IN NICARAGUA, Monica Alvarez, left, Katherine Currier and Luke Gatta from St. Boniface Oratory Church, Downtown Brooklyn, take orphans from a Catholic run Mustard Seed Communities home out for a walk during a weeklong service project near the capital of Managua in July.
A group of teens from St. Boniface Oratory Church, Downtown Brooklyn, spent part of their summer vacation caring for abandoned disabled children at a Catholic run orphanage in Nicaragua.
Newly ordained Father Anthony Andreassi, C.O., and four other adults, Sandy Gannon, Joe Sousa, Richard Carlson and Monica Alvarez, accompanied them to Diramba, Nicaragua, July 7-14, on the international service project south of Managua.
The youths spent the week working at the Mustard Seed Communities home established in 2000, which serves about 30 children in one of the poorest countries in the world.
Mustard Seed Communities had their start in Jamaica in 1979. Members of St. Boniface’s Oratory Youth Leadership (OYL) group included Kathryn Bozzuffi, Matt Casey, Paul Bendernagel, Kate Carlucci, Gerry DiCarlo, Theo McKenzie, Michael Saterson, Alex Pelliccione, Megan Chellew, Luke Gatta, Katherine Currier, Anna Samulski and Ian Janczys.

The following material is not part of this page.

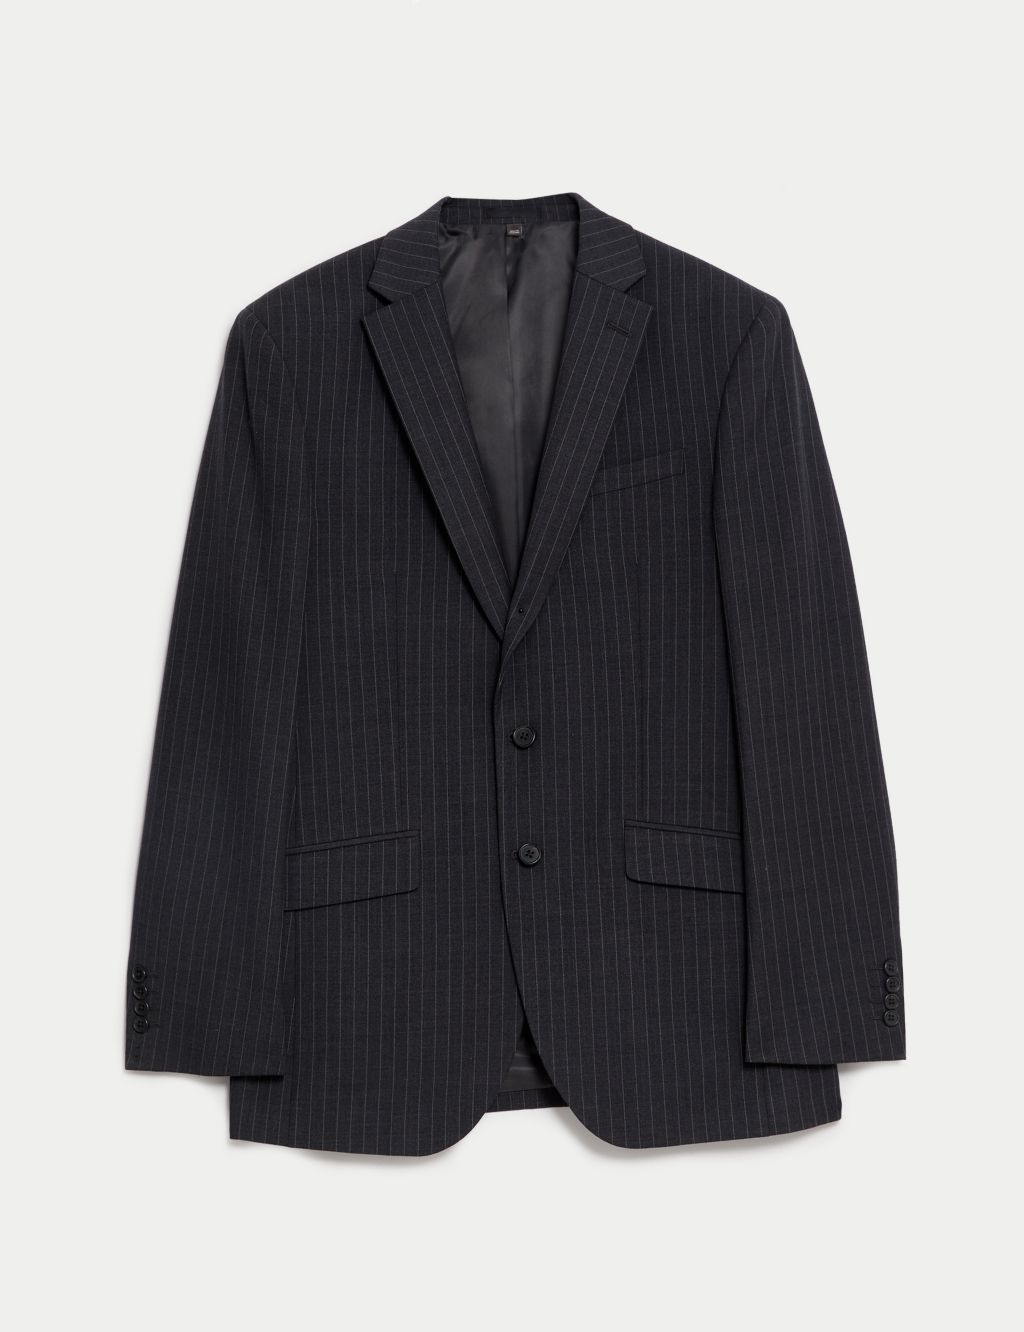 The Ultimate Tailored Fit Pinstripe Jacket image 2

OYL held car washes and bake sales to help pay costs of the trip.
To prepare, the group conducted service projects in a Missionaries of Charity soup kitchen in Harlem and at a Sisters of Charity home in Yonkers.
Gatta said he found out about the service project from Father Andreassi, his history teacher at Regis H.S., last September. “There was a lot of planning and vaccinations,” in preparation, he said.
Fifteen-year-old Alex Pelliccione thought the service project would be a good experience, but “We had no idea what to expect.” Soon after arrival in Managua, they were immersed.
“It put a face on poverty,” Gatta said.
Gerry DiCarlo, 17, “always wanted to do something good and this was a good opportunity.”
Since her Confirmation Kathryn Bozzuffi, 15, has been part of OYL. She had heard so much about “Father Mark’s (Lane, pastor) mission trips to other countries” and thought she would like to have that experience.
DiCarlo expected to find “very poor conditions, very sad. It surprised me how everyone was happy. The families in the town were tight knit.”
Pelliccione found it “amazing” that amid such poverty the staff was “so happy.”
At the Mustard Seed home, the young people lived in the same building with the orphans, “about 20 feet away,” sleeping on camp beds.
They found it “clean and well-maintained” despite the “crushing poverty” of the surrounding area, Father Andreassi said.
The physical care of the children – feeding and hygiene – were taken care of by staff, who is paid about $60 a month.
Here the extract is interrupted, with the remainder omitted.